Now that I have gotten that out of my system, I can progress to Seahawk News of the Day: It's the Off Season, and there isn't any! (Editor's Note: Except, of course, for the release of the NFL Schedule...) That was easy. It is my solemn promise to the editor, who will surely edit this part out, that I will actually check to see if that statement is factual sometime before The Deadline. (Editor's Note: Well?)
Given that this is, with the exception of the two days of the NFL Draft (Let's be more honest, here: Your average person is only interested in the first draft day. It is not coincidence that the last guy picked is deemed, "Mr. Irrelevant".), the most boring part of any given football season, I have been expanding my focus in order to quench my thirst for Sporting Events.
Considering that absolutely nothing is happening in football, it is still more interesting than actually watching baseball. As a young athletic person, baseball was the sport I more frequently played, but the sport still consists primarily of spitting and scratching oneself. Lately, I've been occasionally glancing at hockey.
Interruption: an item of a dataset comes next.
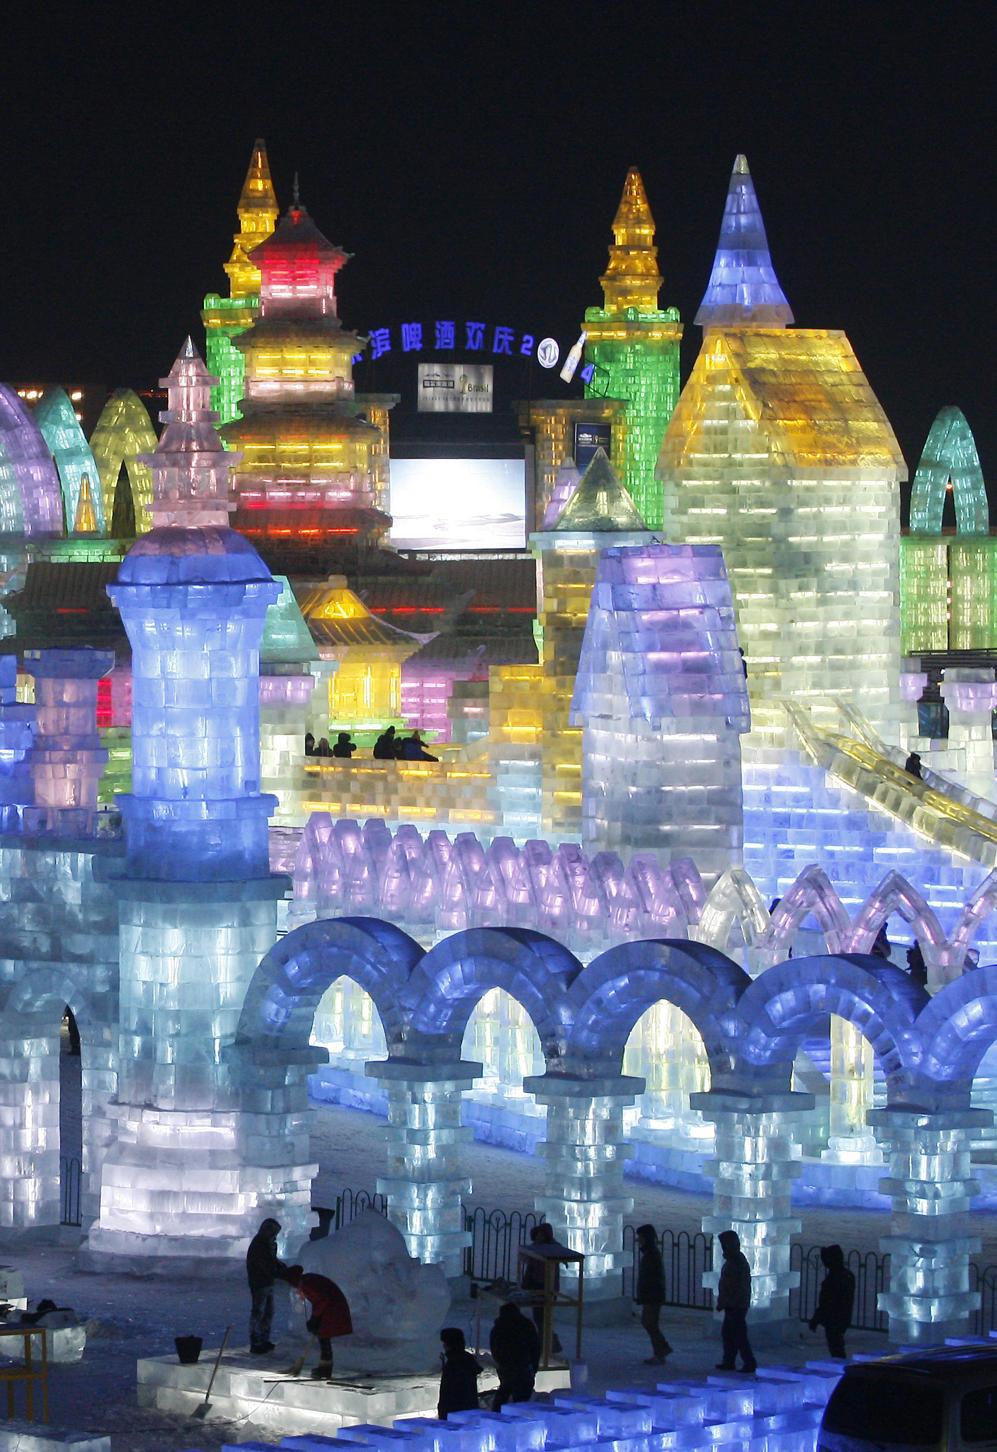 s 30th Harbin International Ice and Snow Sculpture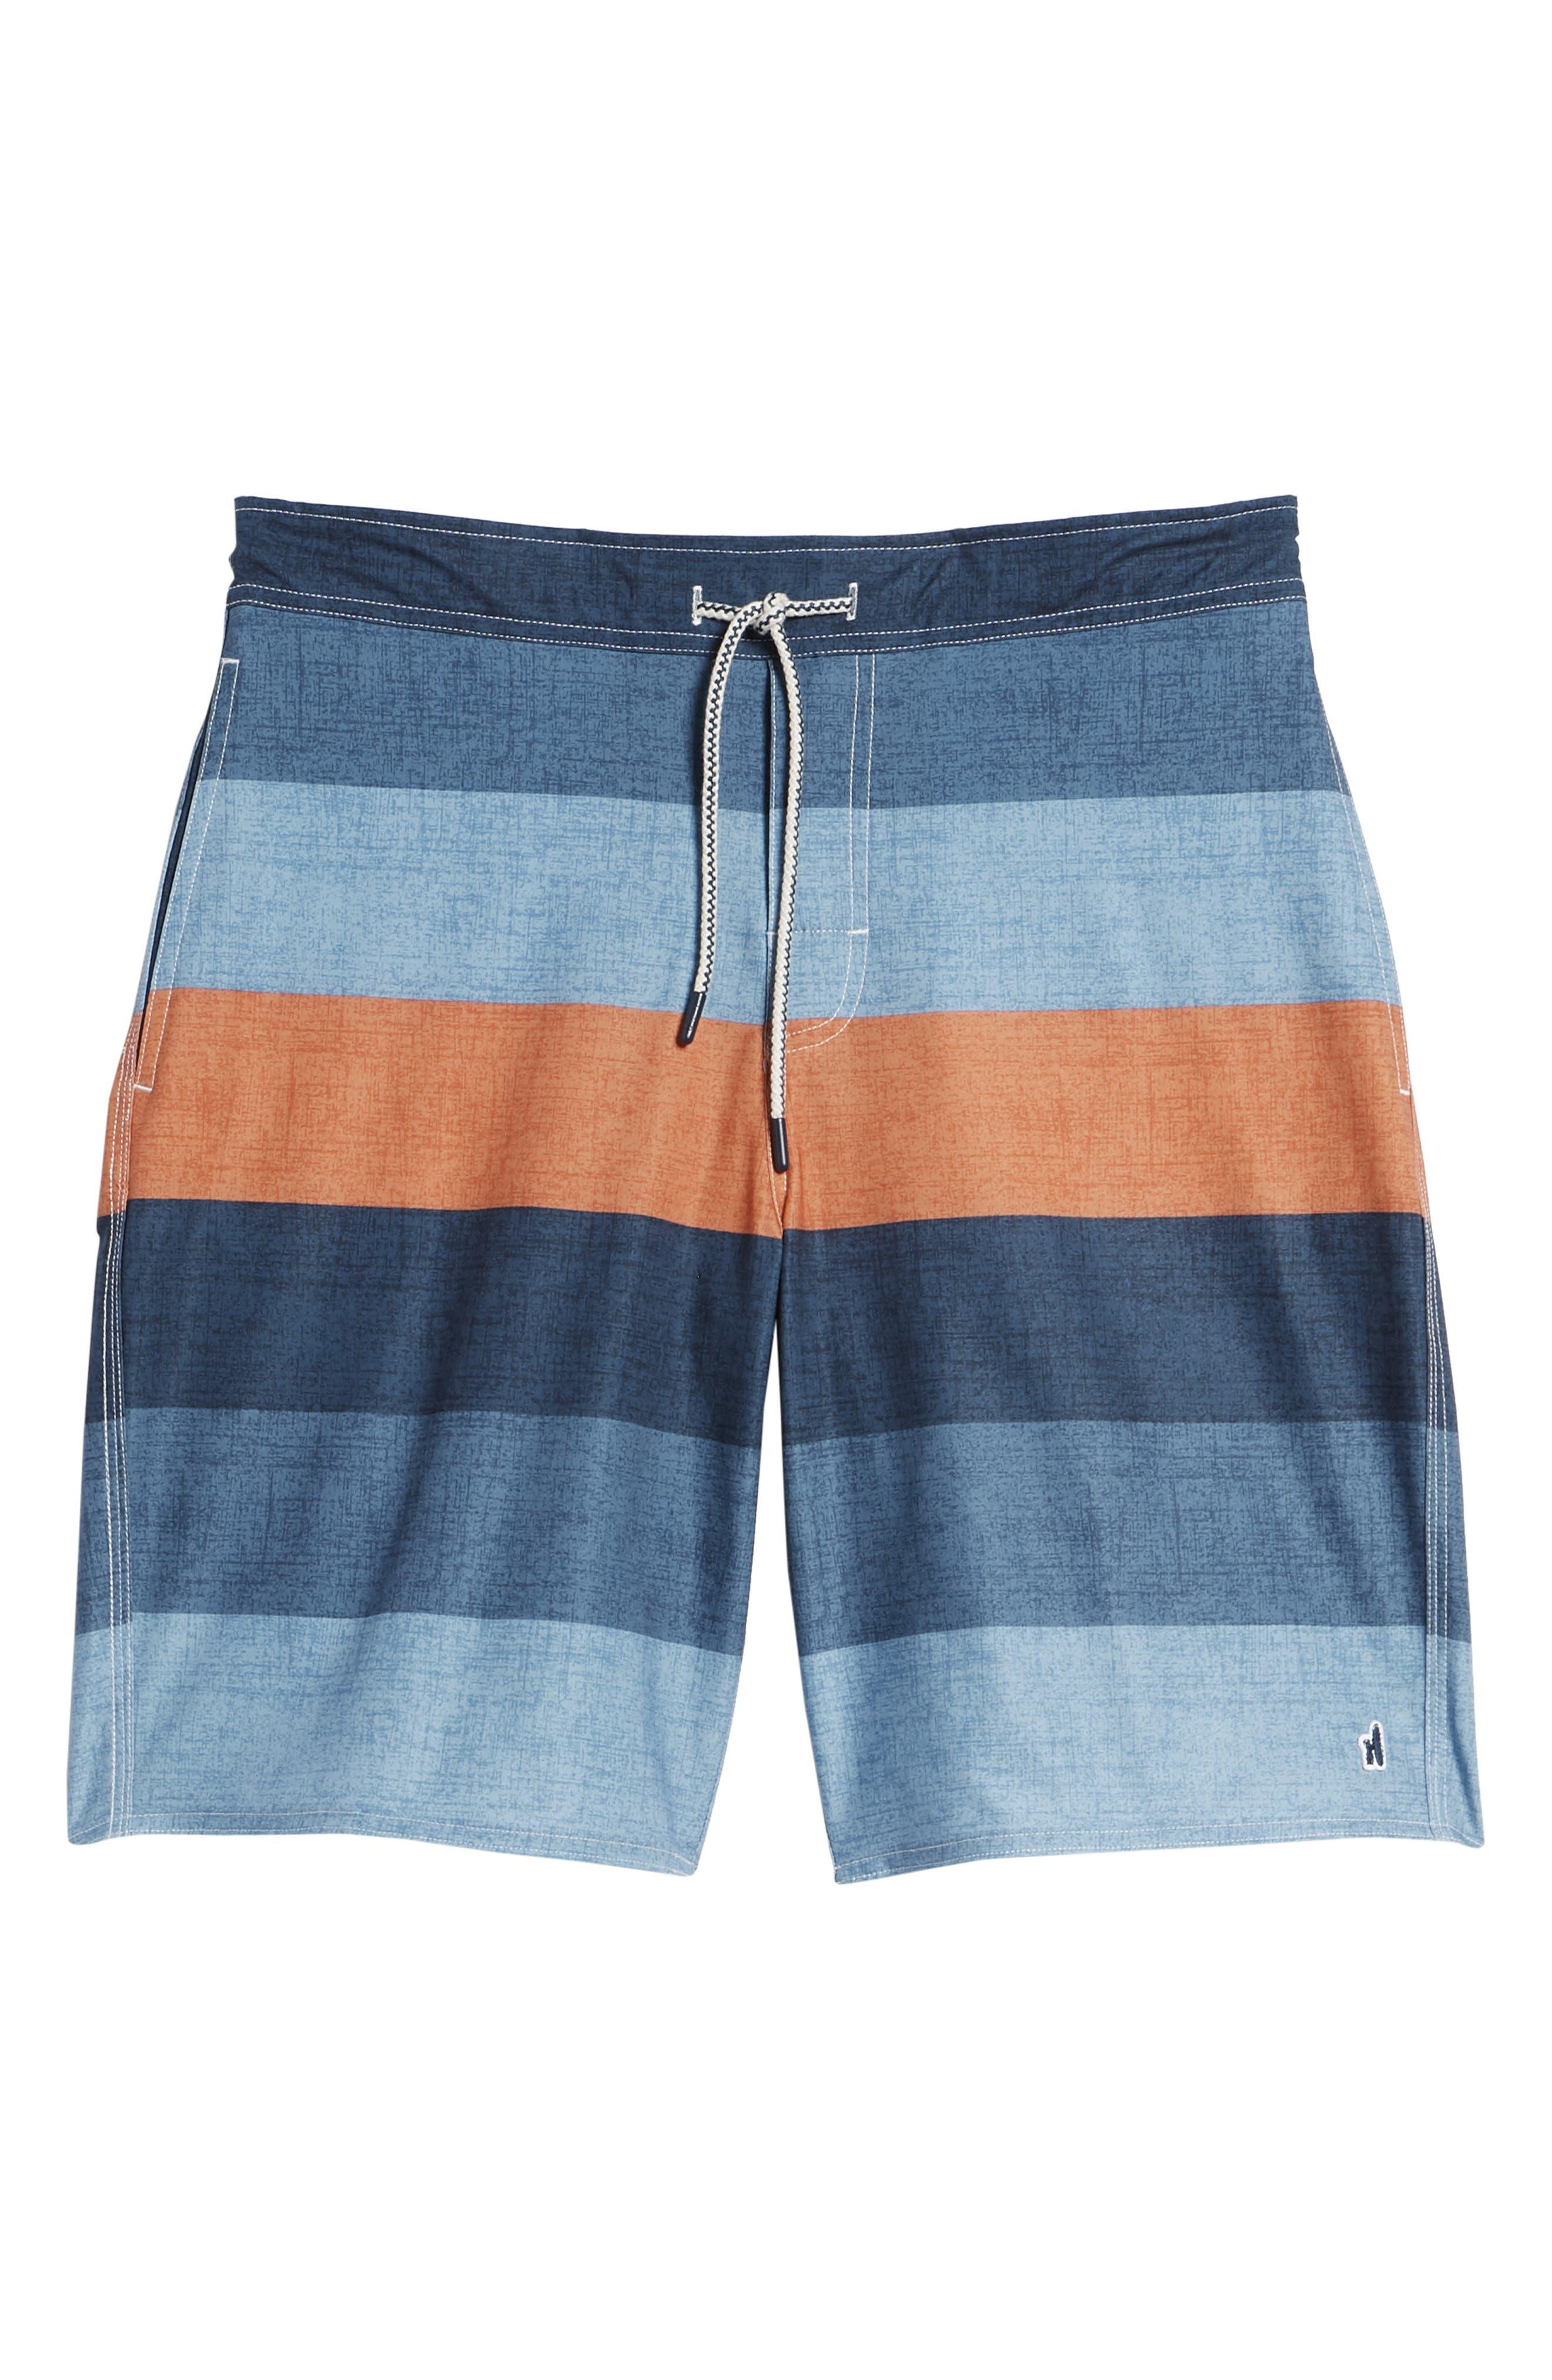 Shore Swim Trunks,                             Alternate thumbnail 6, color,                             400

Now, I don't really know the specific rules of hockey (Assuming there are any), but it is still a very interesting sport to watch.
Hockey isn't as good as the NFL in satisfying my fascination with strange names, though. Taking into consideration that my entire experience of Canadian Culture consists of having watched Bob & Doug MacKenzie ("Get out, you hoser." "Take off!"), I suppose I simply do not understand the pronunciation involved.
Take, for example, the name "Patrick Roy". Upon observing this name, I am inclined to think it would be pronounced, "Patrick Roy." I would be extremely ignorant. It is actually pronounced as a sort of nasally French grunt, "wu-AH". This is a sound that I would traditionally associate with the expectoration of something which sounds like the actual hockey pronunciation of "Christian LaFlamme".
It is, however, still fun to watch. Drifting back to the NFL…
This morning's Sports Weekly featured a… uh, feature regarding a look back at the 1999 NFL Draft, written competently by Matt Pitzer. This further confirms that NFL Writers are running out of current events to discuss.
No, seriously, it was an intriguing write, but my attention was diverted by a reprint of that August, 1999 photo of Mike Ditka in a tuxedo standing next to Ricky Williams in a wedding gown. In 1999, it was amusing. In 2004, I associate Mike with his Levitra promotions and find myself disconcerted.